* [Work item]: Leaving out all pictures, restate word for word the lines from the one with "Military SVG Bundle." through the last line of the entries.

[Start of section]

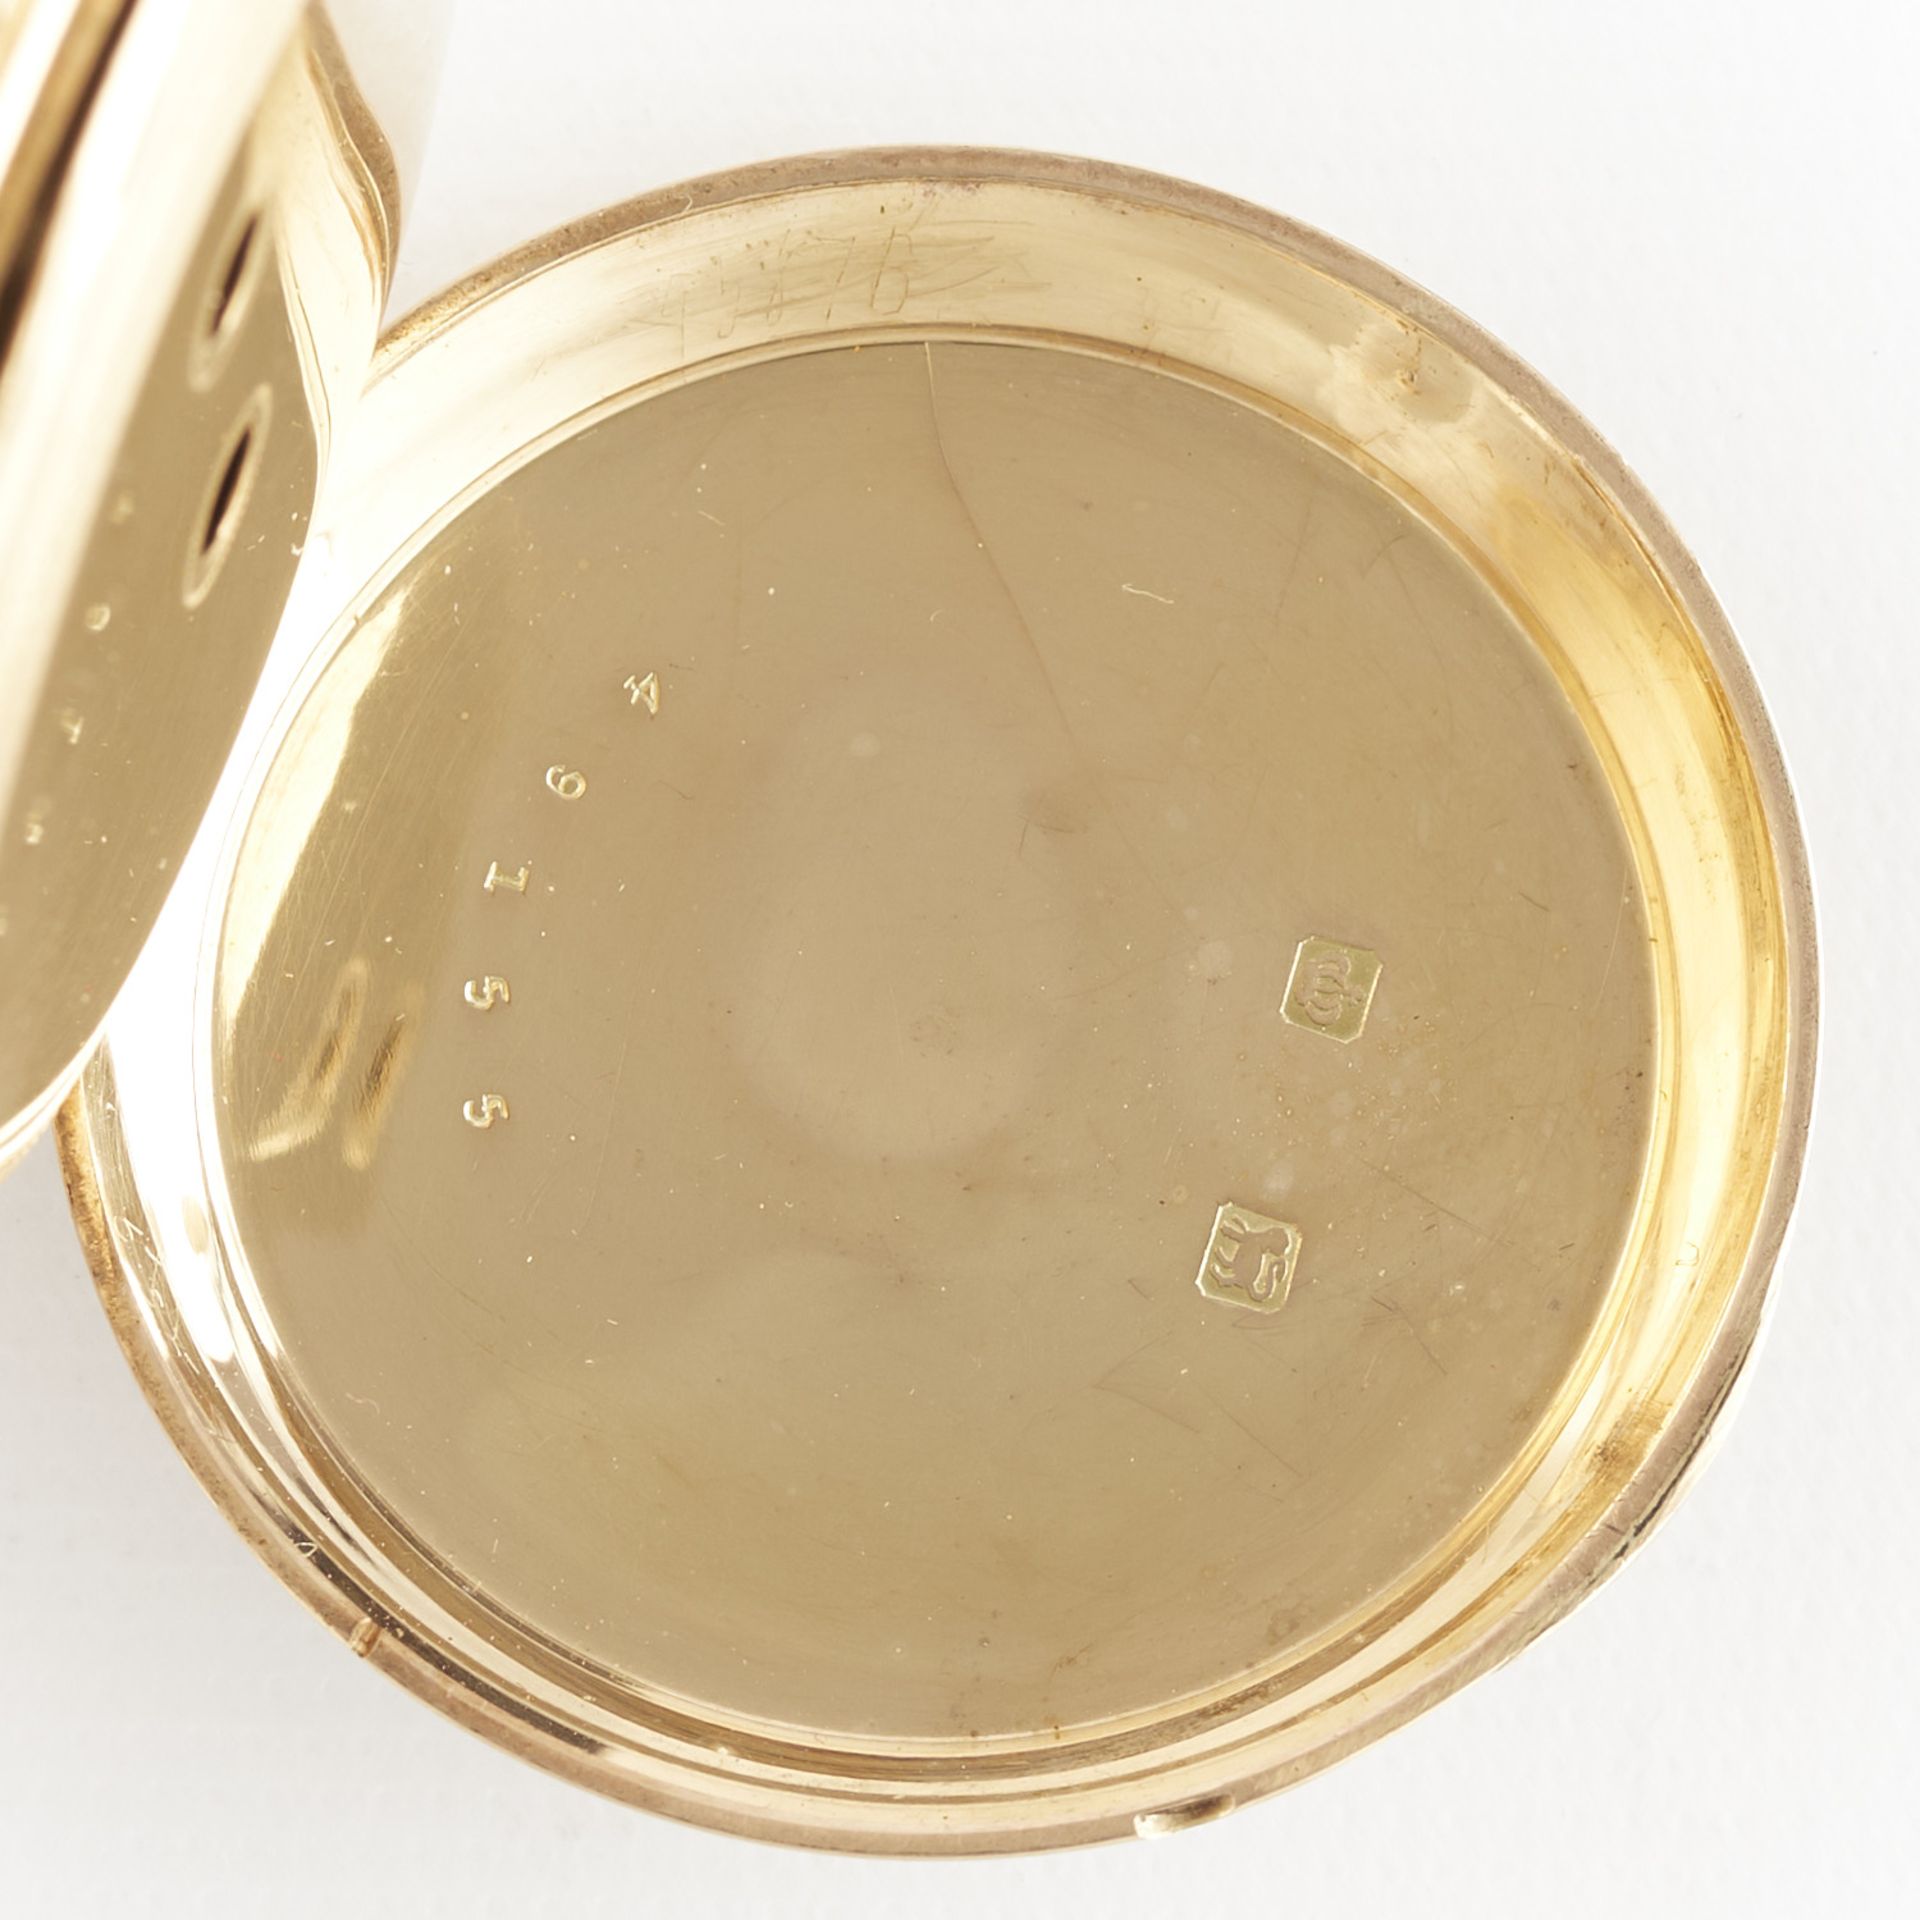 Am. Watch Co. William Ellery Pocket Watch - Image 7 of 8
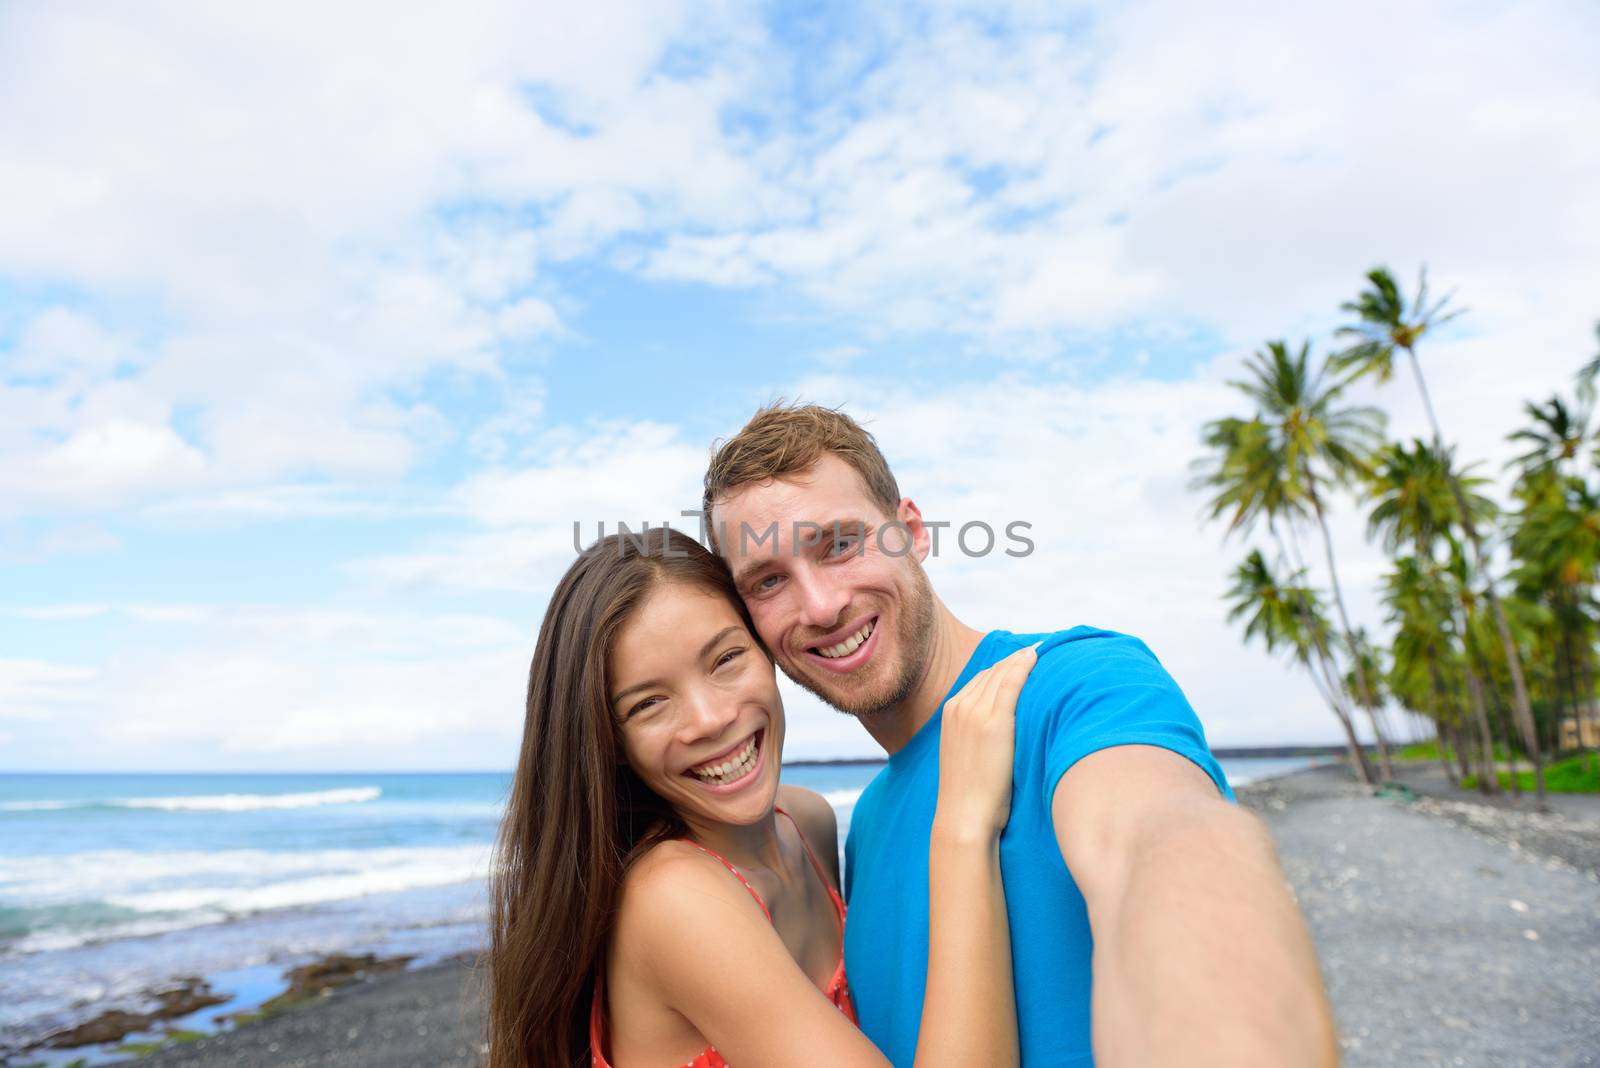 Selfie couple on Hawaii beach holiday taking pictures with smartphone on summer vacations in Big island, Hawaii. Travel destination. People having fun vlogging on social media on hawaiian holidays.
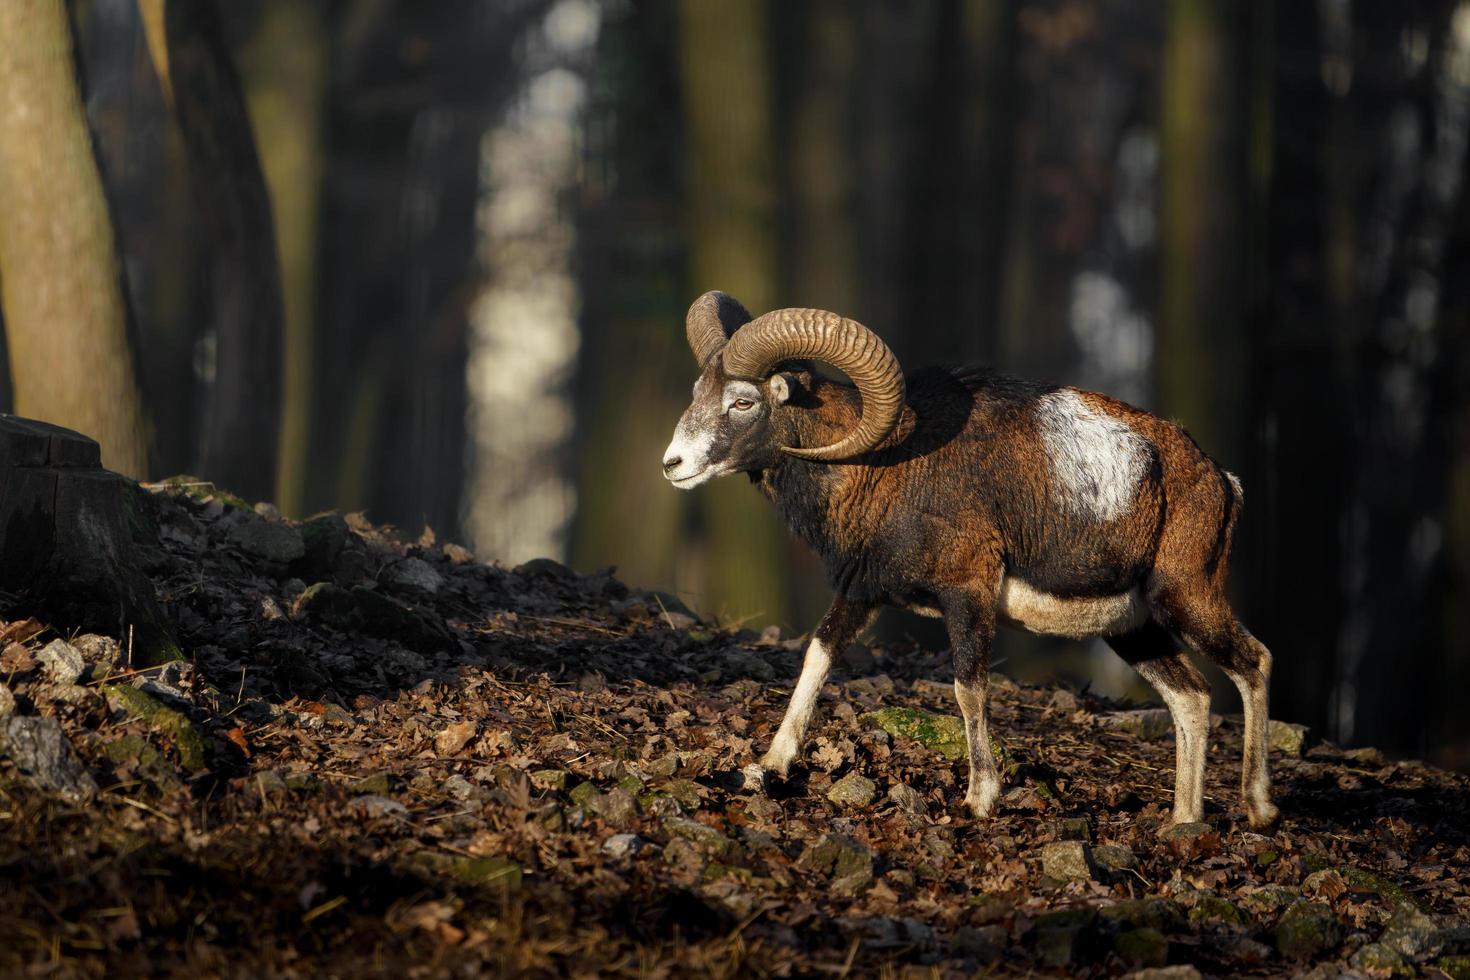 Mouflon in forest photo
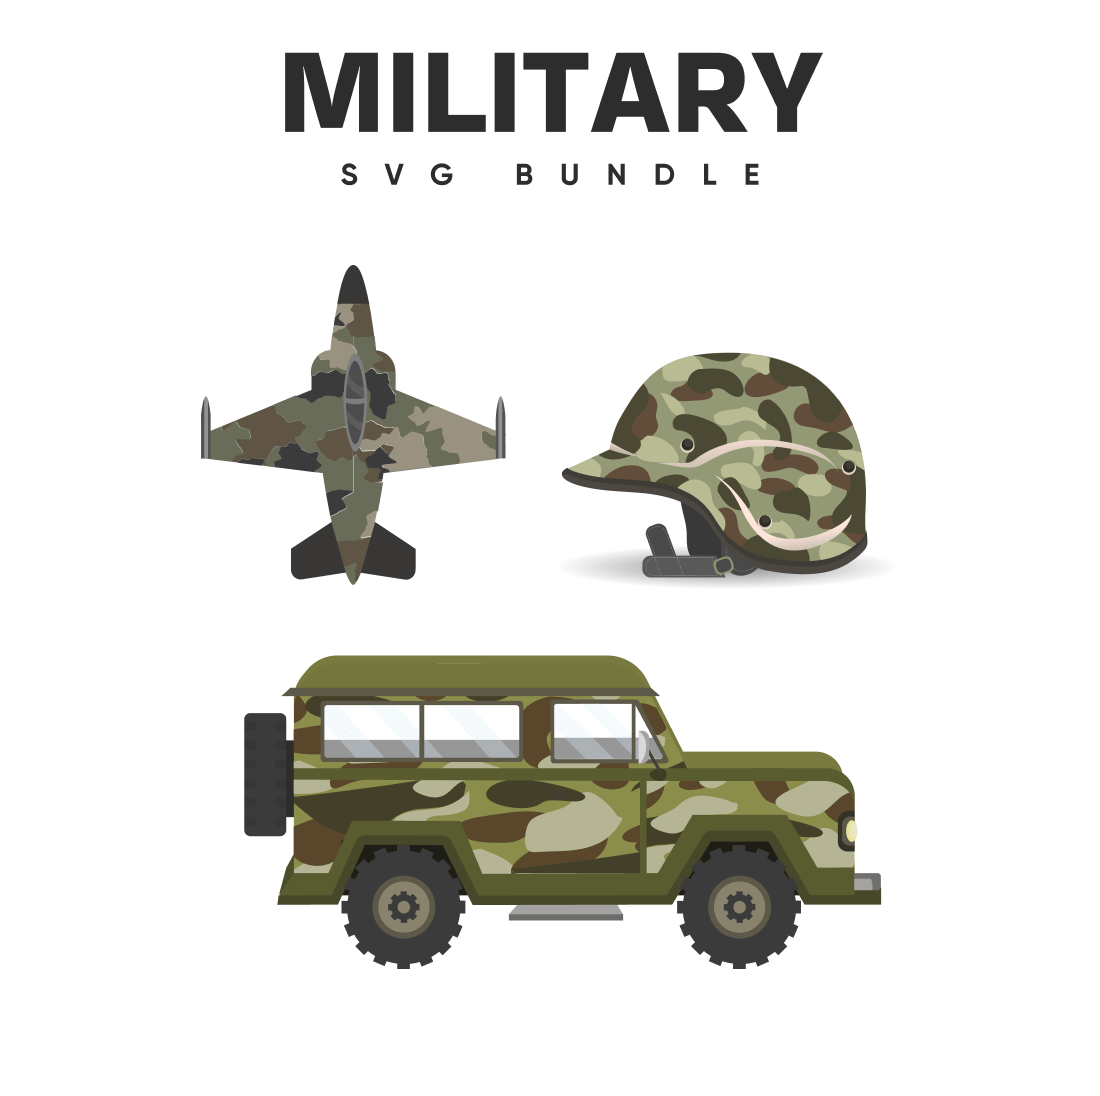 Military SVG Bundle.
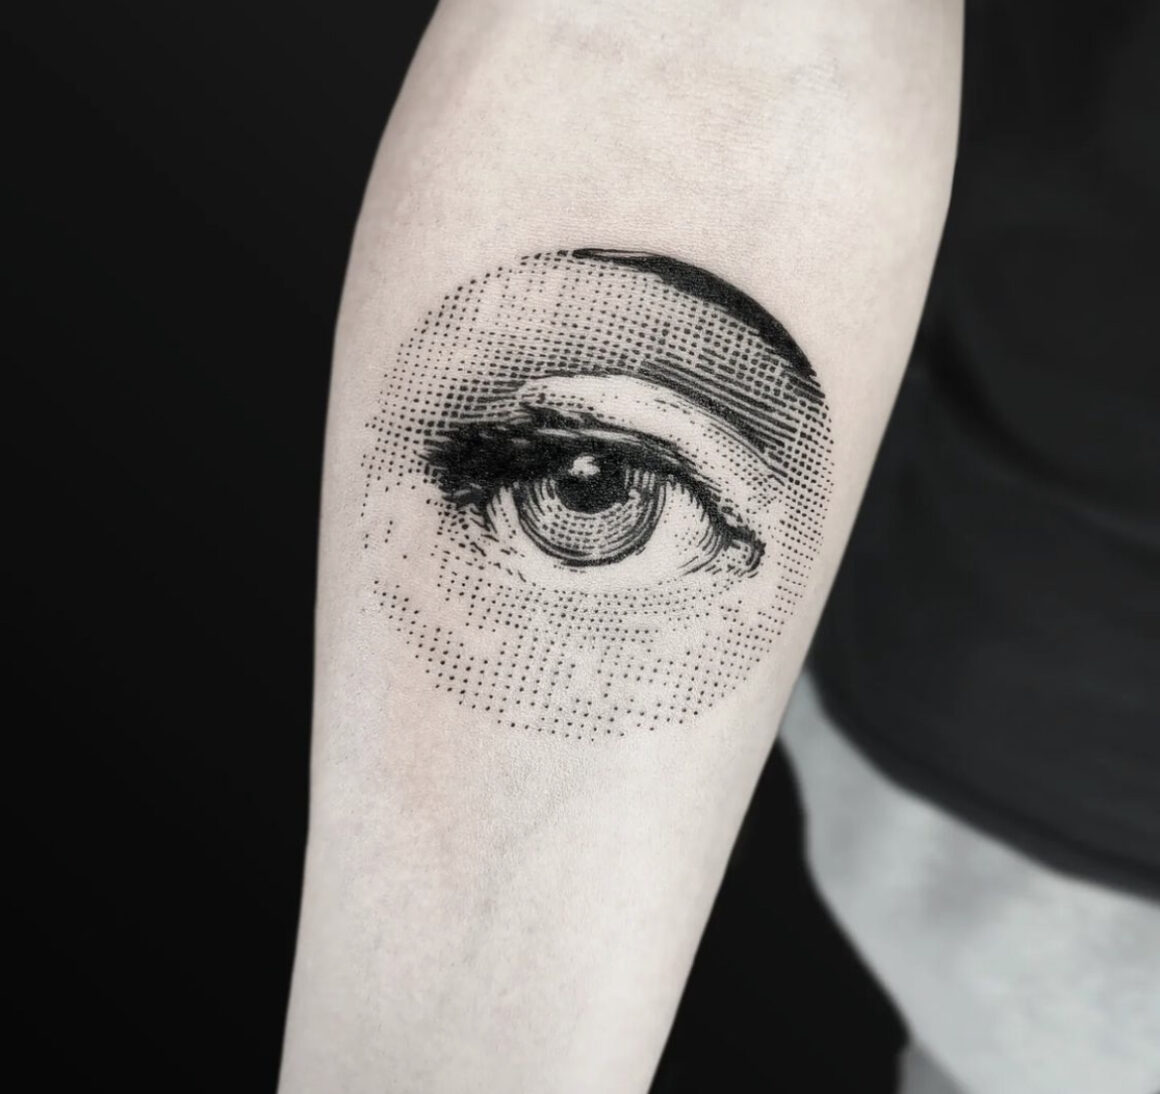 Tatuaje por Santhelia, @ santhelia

[End of section]

* [Completed exercise]:
 Military SVG Bundle.
 Tatuaje por Santhelia, @ santhelia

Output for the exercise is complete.